私も、現役時代苦手でした。。。CO₂ナルコーシスとか。。
なので、頑張ってまとめます!!では、いきましょう『呼吸器疾患の基本』!!
※あわせて読んで! 『肺炎について』下の画像をクリック👇
肺の構造
・肺は左右に1つずつある
・肺には、斜裂(大葉間裂)、水平裂(小葉間裂)という切れ目が入っている
・右肺は上葉・中葉・下葉に分かれる。
・左肺は上葉・下葉に分かれている
・右肺がS¹~S¹⁰の10区域、左肺がS¹⁺²~S¹⁰の8区域の肺区域に分けられる
呼吸の仕組み
・肺胞中にはO₂が多く、血管中にはCO₂が多いため、拡散の原理により濃い方から薄い方へ移動する
・血液は肺胞を通ることで、空気中の酸素をたっぷり取り入れ、二酸化炭素を空気中に排出している。これをガス交換という。
外呼吸
・赤血球中のヘモグロビンが酸素と結びつくこと、また血中の二酸化炭素が空気中に出ていくこと、つまり肺で行われている血液と空気との間のガス交換を外呼吸という
内呼吸
・細胞がヘモグロビンから酸素を受け取り、二酸化炭素を血液中に送り出すこと、つまり末梢組織で行われる血液と細胞との間のガス交換を内呼吸という
呼吸運動
・呼吸は、入眠中も止まることはない 根拠:延髄を中心とする呼吸中枢と橋の呼吸調節中枢等により、不随意に呼吸運動が維持されているため
・成人の呼吸数は1分間あたり約16~18回で、1日あたり約2万回にもなる
・脊髄損傷や神経疾患等が原因で、人工呼吸器が必要になる 根拠:呼吸中枢から呼吸筋への指令のルートが障害されると、呼吸ができなくなるため
・外界の空気を肺に取り込む(吸息運動)排出させるのを(呼息運動)という
・肺は膨らんだり縮んだりしているが、肺そのものに肺を動かす骨格筋は存在しない。呼吸には、肺の周囲にある呼吸筋(横隔膜、内・外肋間筋、胸鎖乳突筋、腹斜筋等、呼吸に関わる筋肉の総称)が重要な役割を担っている
吸息運動と呼息運動
①吸息運動とは、外肋間筋が収縮することにより肋骨と肋骨の間が広がり、横隔膜も収縮し、下がることを言う。

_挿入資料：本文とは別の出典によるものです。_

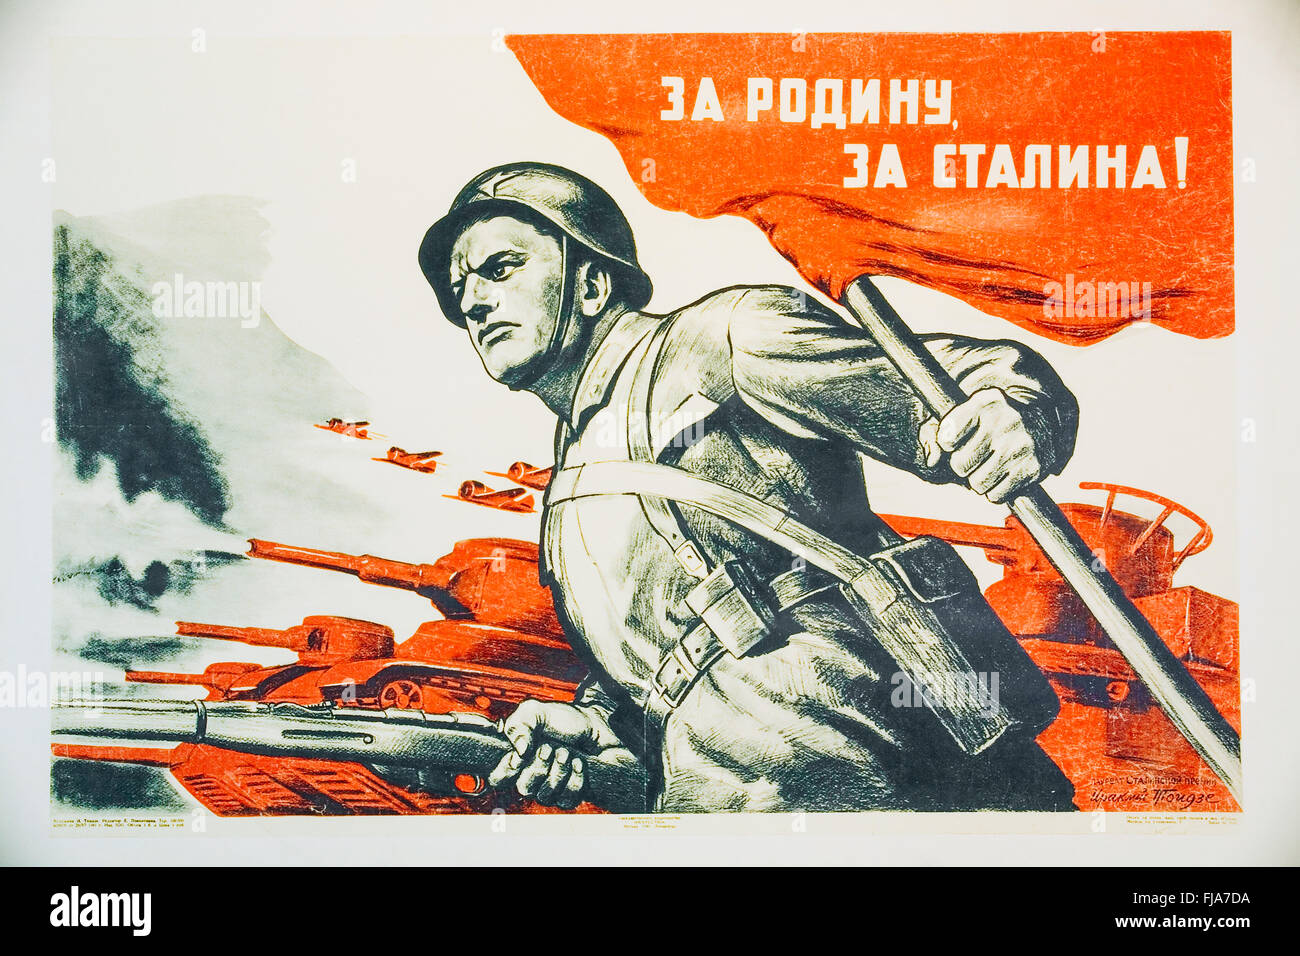 Soviet Russian patriotic propaganda poster from World War II with image of soldier going on attack with rifle and flag Stock Photo

②呼息運動とは、吸息運動により空気が引っ張られ、気道を通って肺の中に入っていき、肺が膨らむ。膨らんだ肺は、その弾力により自然に収縮する。これに伴い横隔膜は上がり、肺の中の空気は再び気道を通って大気中に排出されることを言う。
・①と②が呼吸の1サイクルで、成人の1回換気量は500ml程度である
・呼息運動が終わっても肺はぺちゃんこにはならない 根拠:肺は胸壁内膜を覆う壁側胸膜と肺を包む臓側胸膜(肺胸膜)という2つの膜で覆われており、両膜の間(胸膜腔)は吸気時・呼気時ともに大気圧よりも陰圧がたもたれているため、肺は引っ張られる形で膨張し、その形態を維持している
COPD(慢性閉塞性肺疾患)
・COPD(慢性閉塞性肺疾患)とは、たばこを主とする有害物質を長期に吸入することで生じる炎症性の疾患で、通常は進行性の経過をたどる
・スパイロメトリーで1秒率<70%を満たし、他の気流制限をきたし得る疾患が除外されたとき、COPDと診断される
・COPDは慢性気管支炎と肺気腫病変が様々に混在し、両病態によって気流閉塞をきたした症例に対する病名として生まれた概念である
・慢性気管支炎は咳・痰などの症状が年に3か月以上あり、それが2年以上連続して認められるもので、症状が他の肺疾患や心疾患に起因しないものを言い、冬季に悪化するのが一般的
・肺気腫は肺胞が慢性的な炎症のために破れ、くっつきあい、嚢胞(ブラ)になった状態。肺が膨張し気道をつぶし、呼吸が困難になる。一度壊れた肺胞は元には戻らない。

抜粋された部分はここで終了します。